DATA SHOWN:
····················

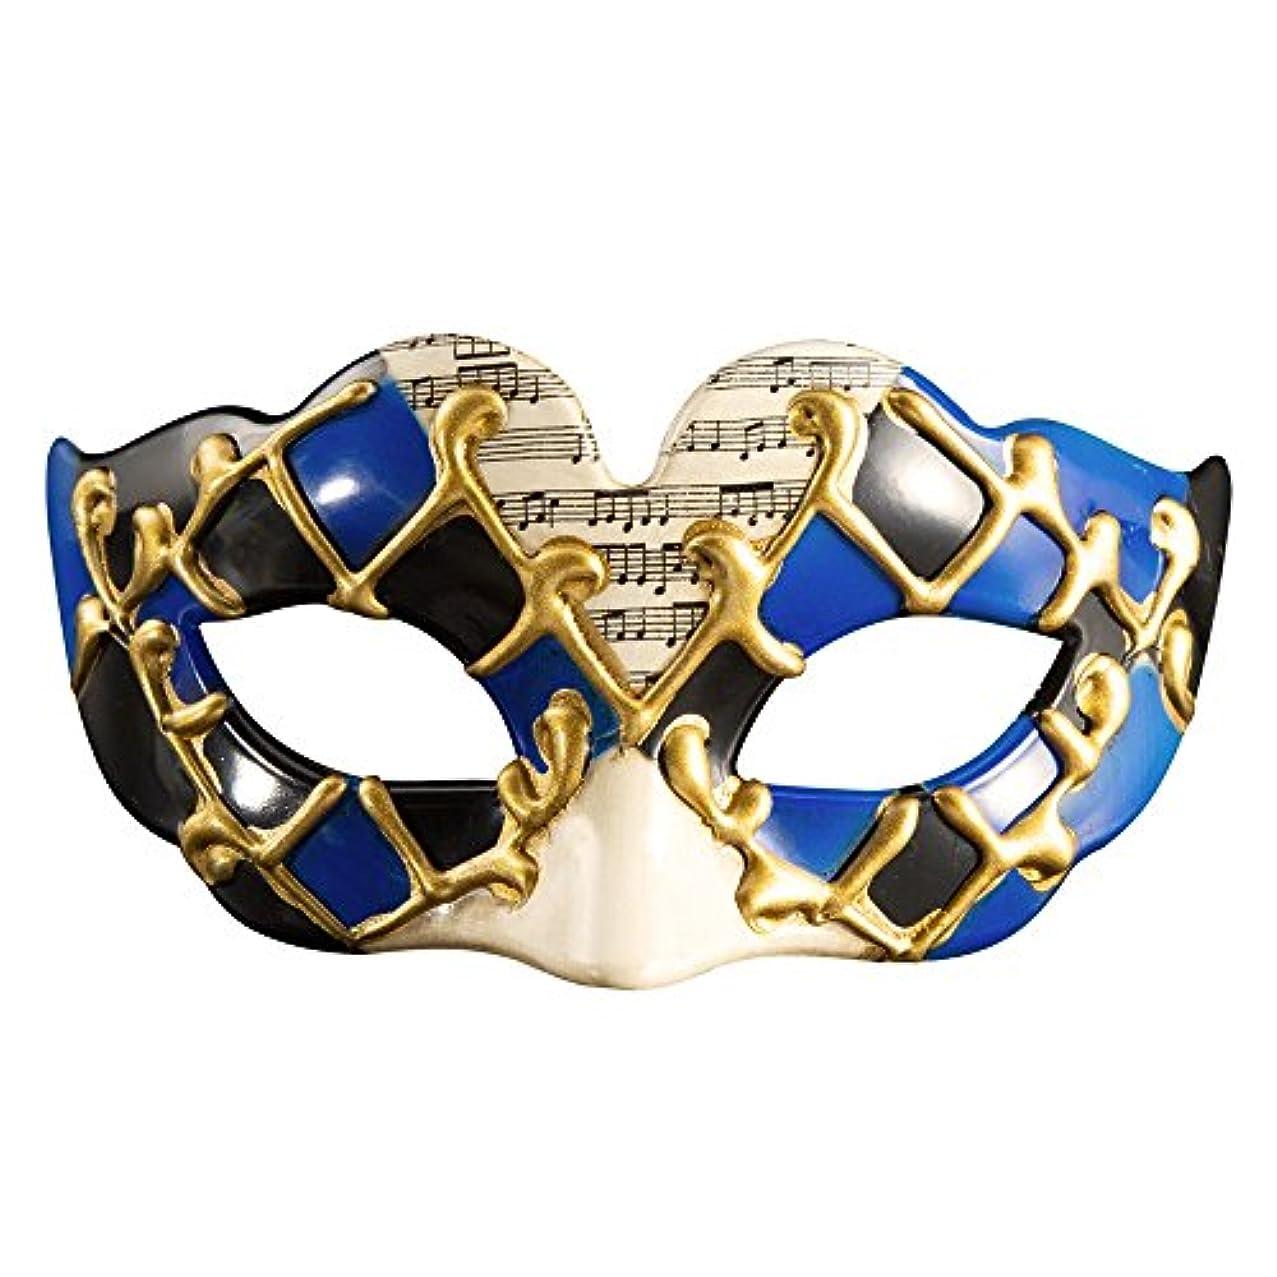 教会叙情的な望ましいクリエイティブ子供の半分の顔ハロウィーンマスクパーティー新しいファンシードレスボールマスク (Color : B)
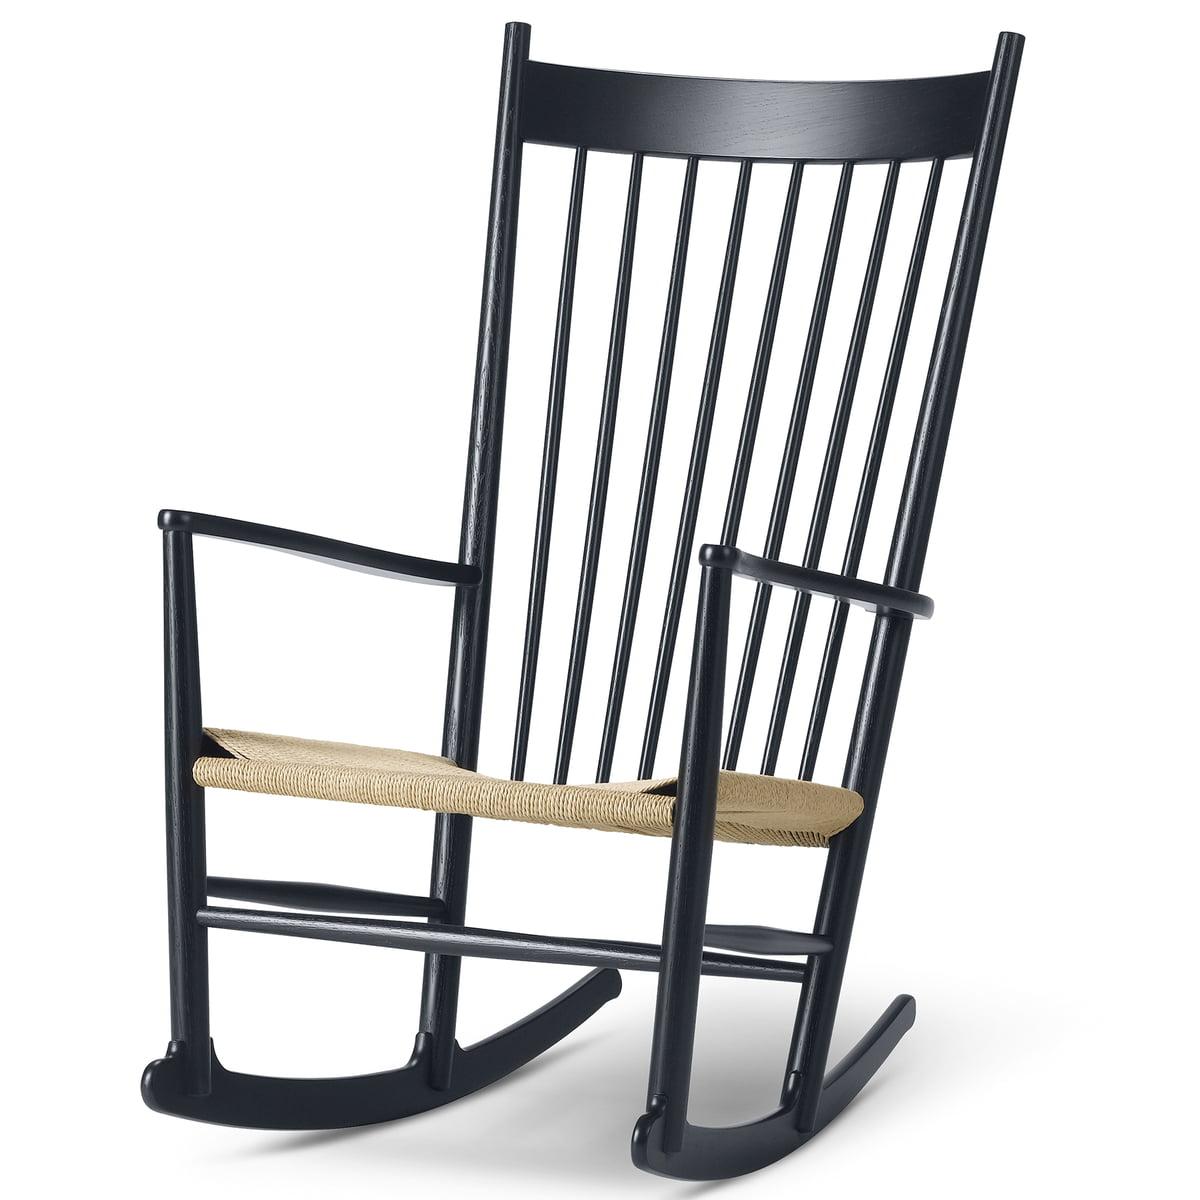 Fredericia Furniture Fredericia - J16 Schaukelstuhl, Eiche schwarz lackiert / natur | Wohnzimmer > Stüle | Eiche lackiert -  schwarz | Fredericia Furniture
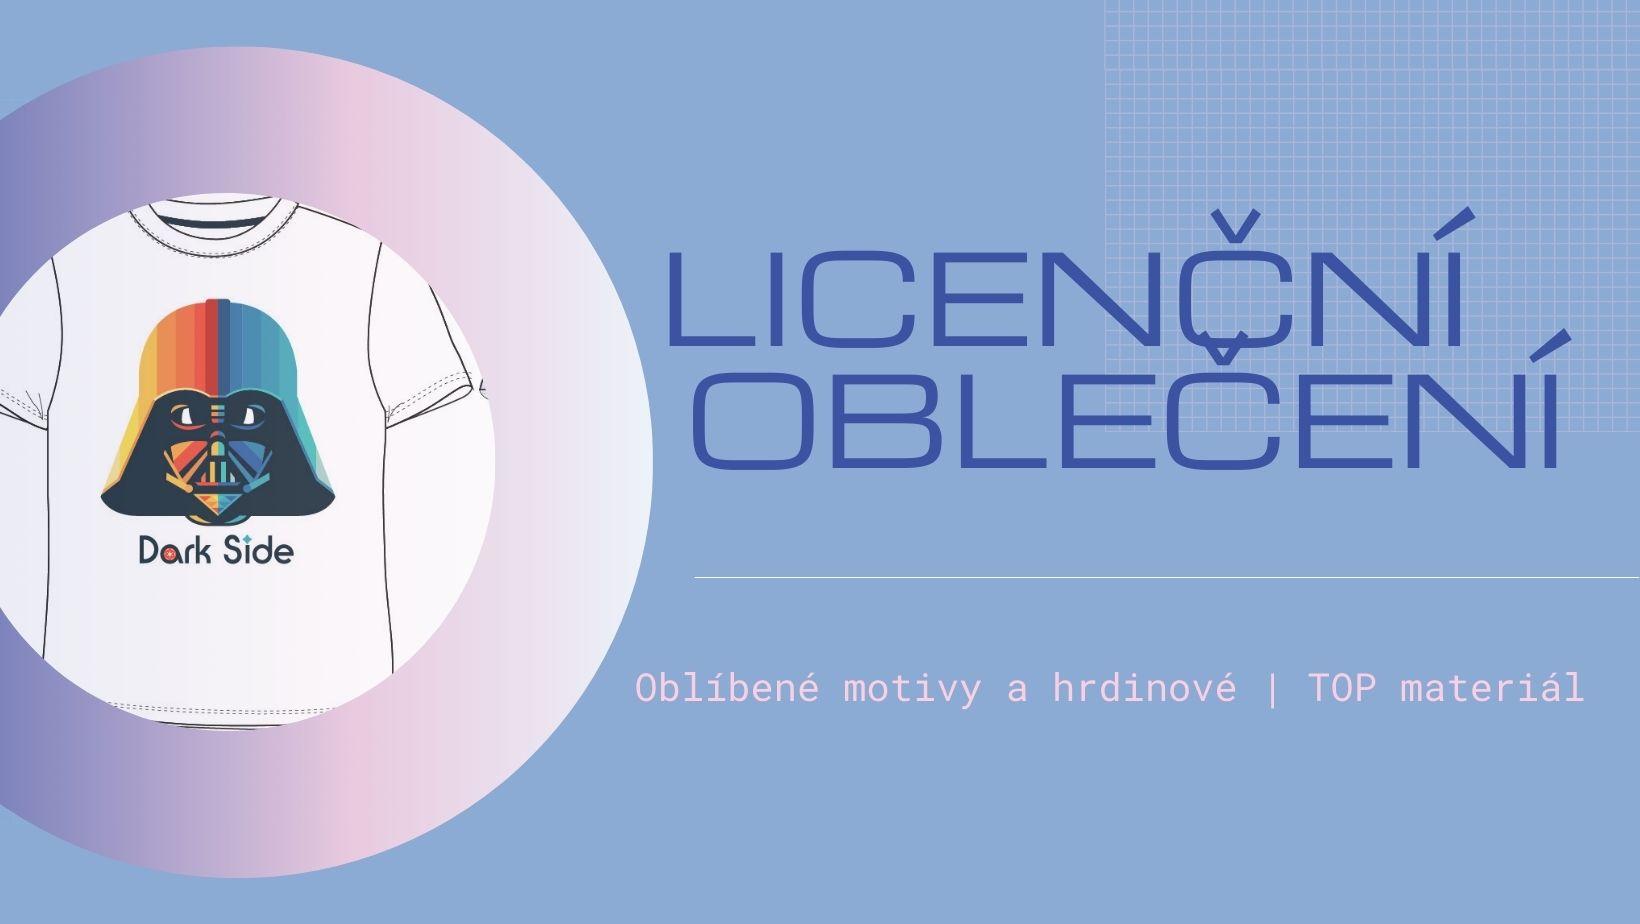 Licenční oblečení, pohádkové motivy, filmoví hrdinové
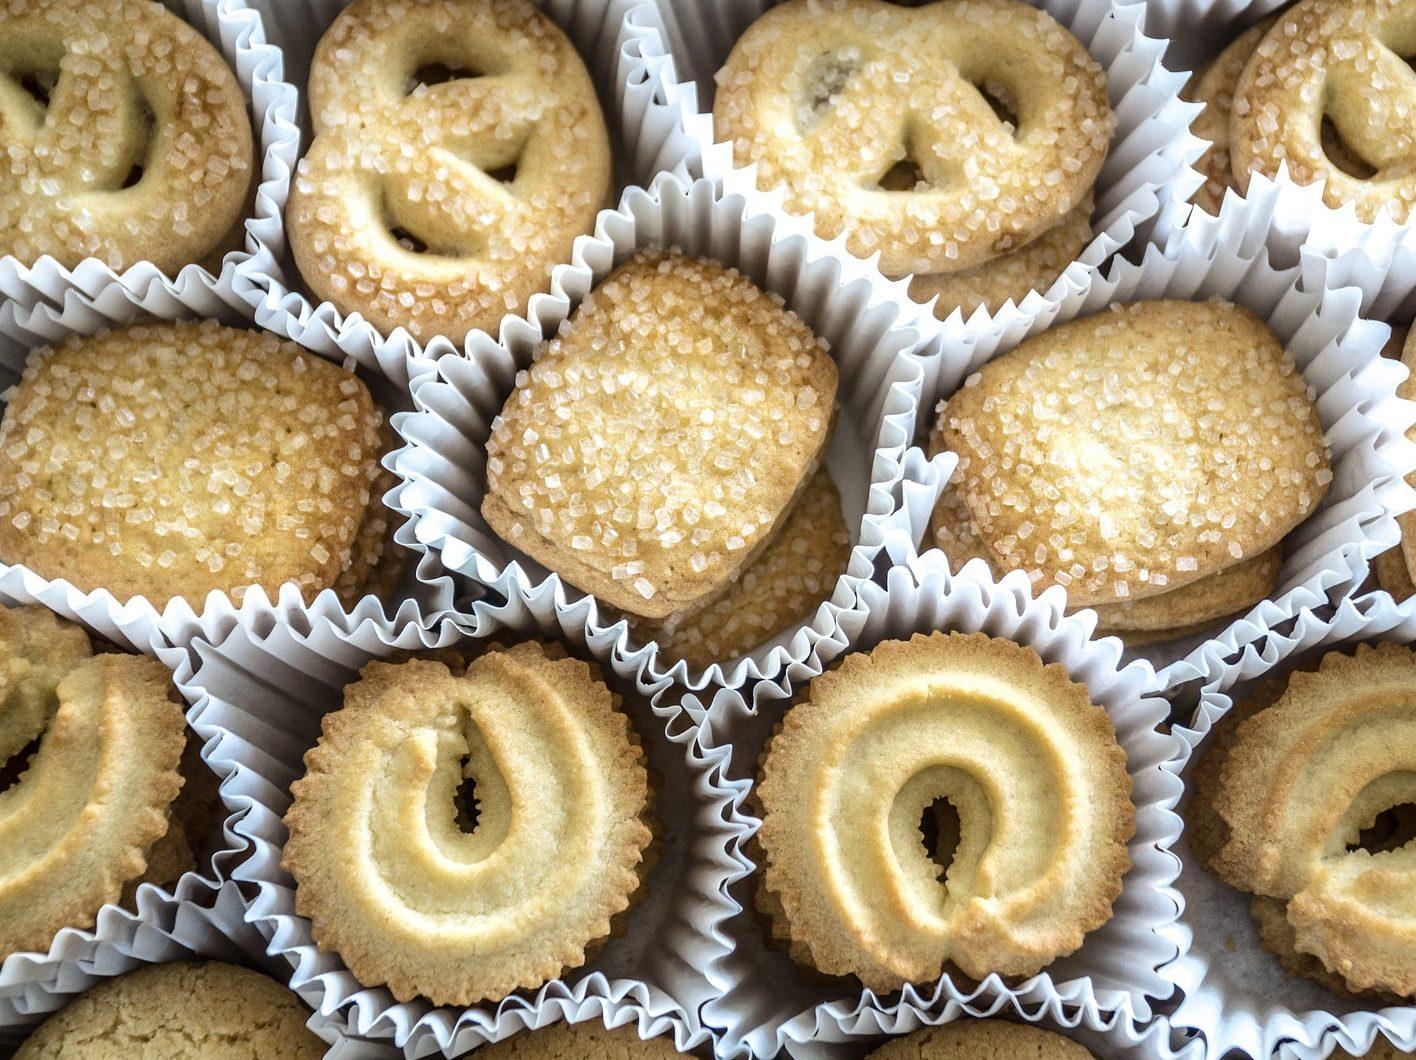 Ricetta Originale Dei Biscotti Al Burro.Biscotti Danesi Dolci Burrosi E Fragranti Food Blog
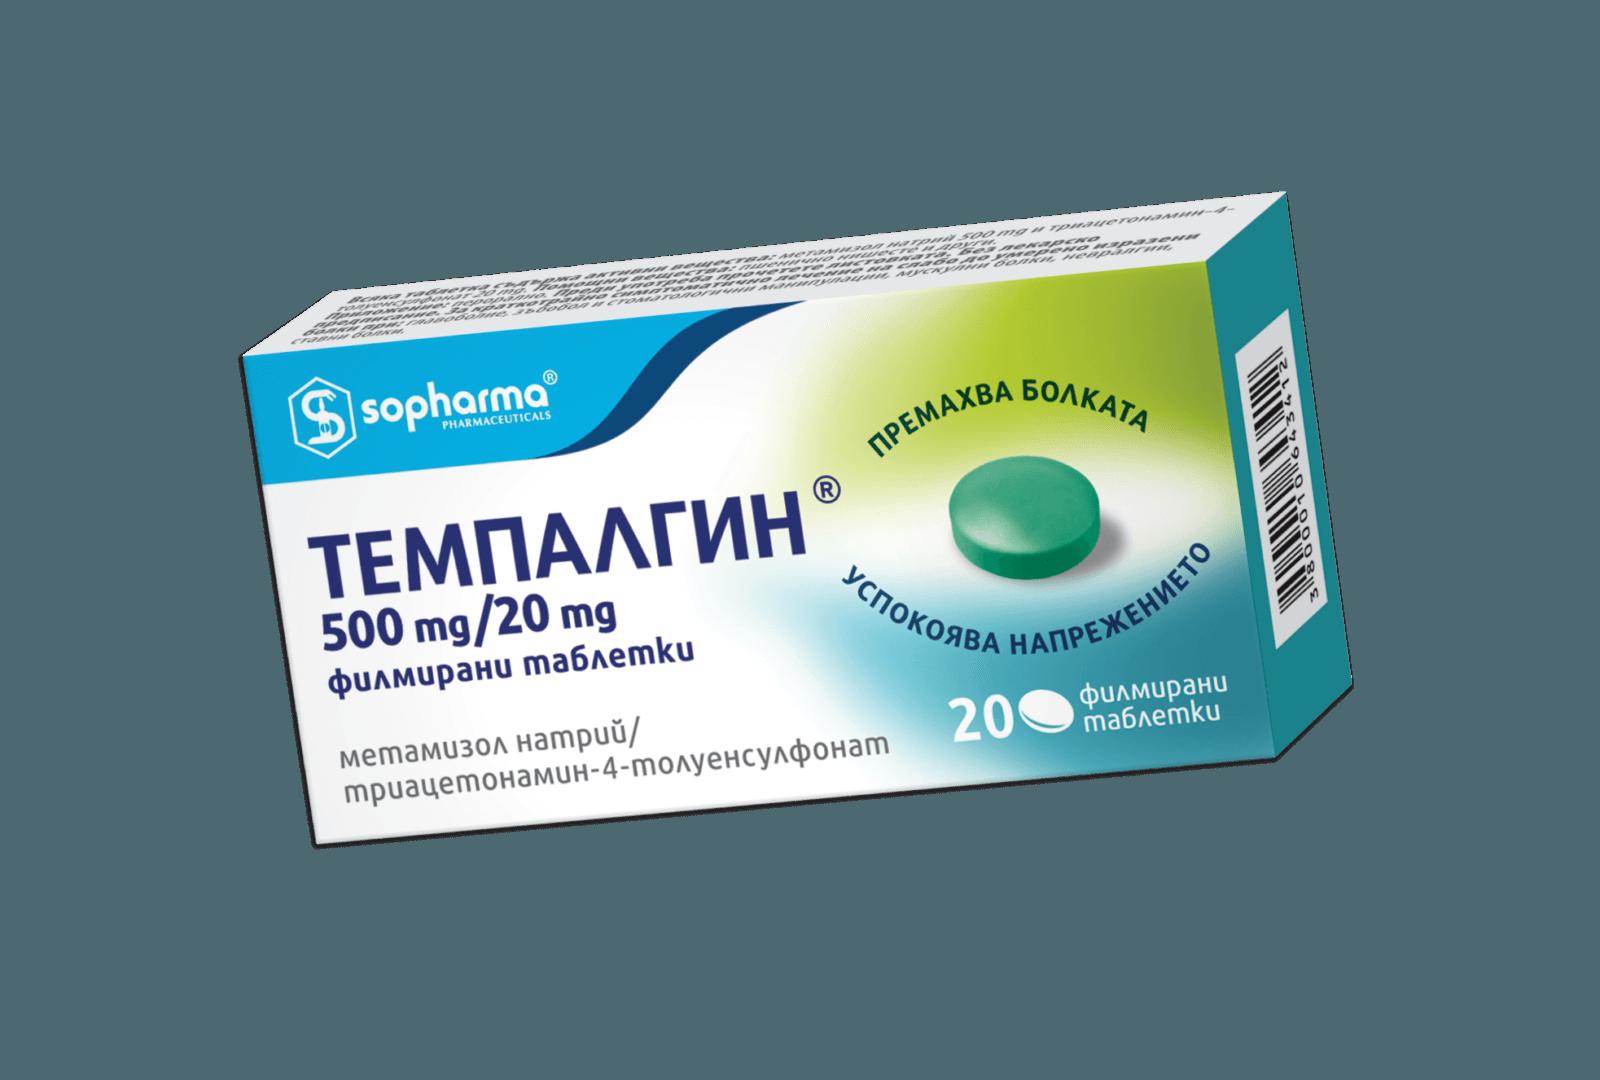 Сильные обезболивающие средства от зубной боли без рецептов. названия, лучшие, состав, безопасность и эффективность
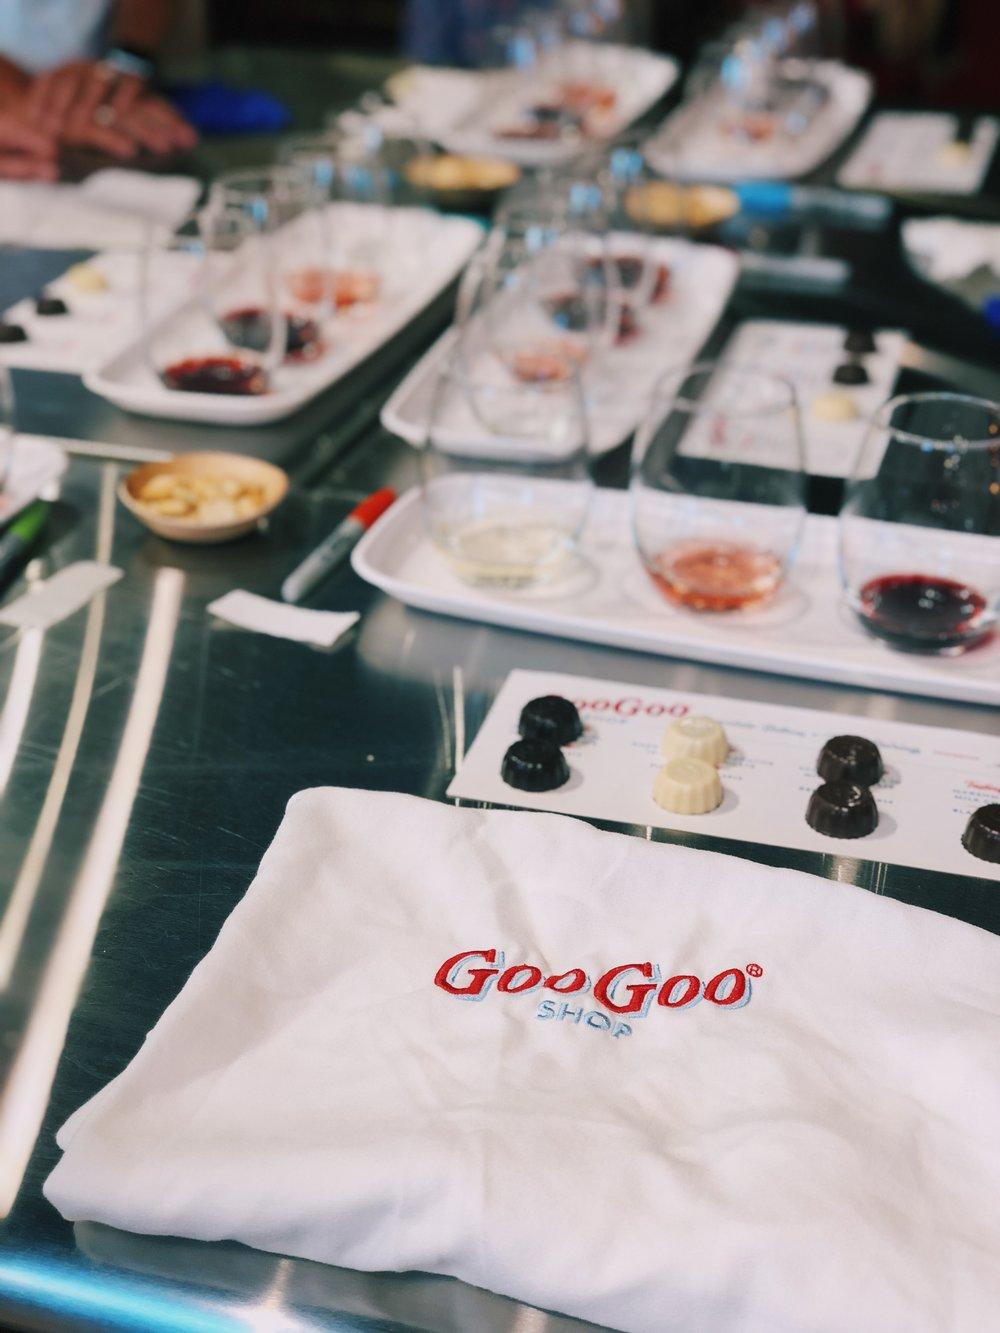 Goo Goo Chocolate Wine Pairing Class

····················

Leaving out all pictures, print exactly the lines above from the one containing "Сильные обезболивающие средства" through the last line of the entries.

 Сильные обезболивающие средства от зубной боли без рецептов. названия, лучшие, состав, безопасность и эффективность
 Goo Goo Chocolate Wine Pairing Class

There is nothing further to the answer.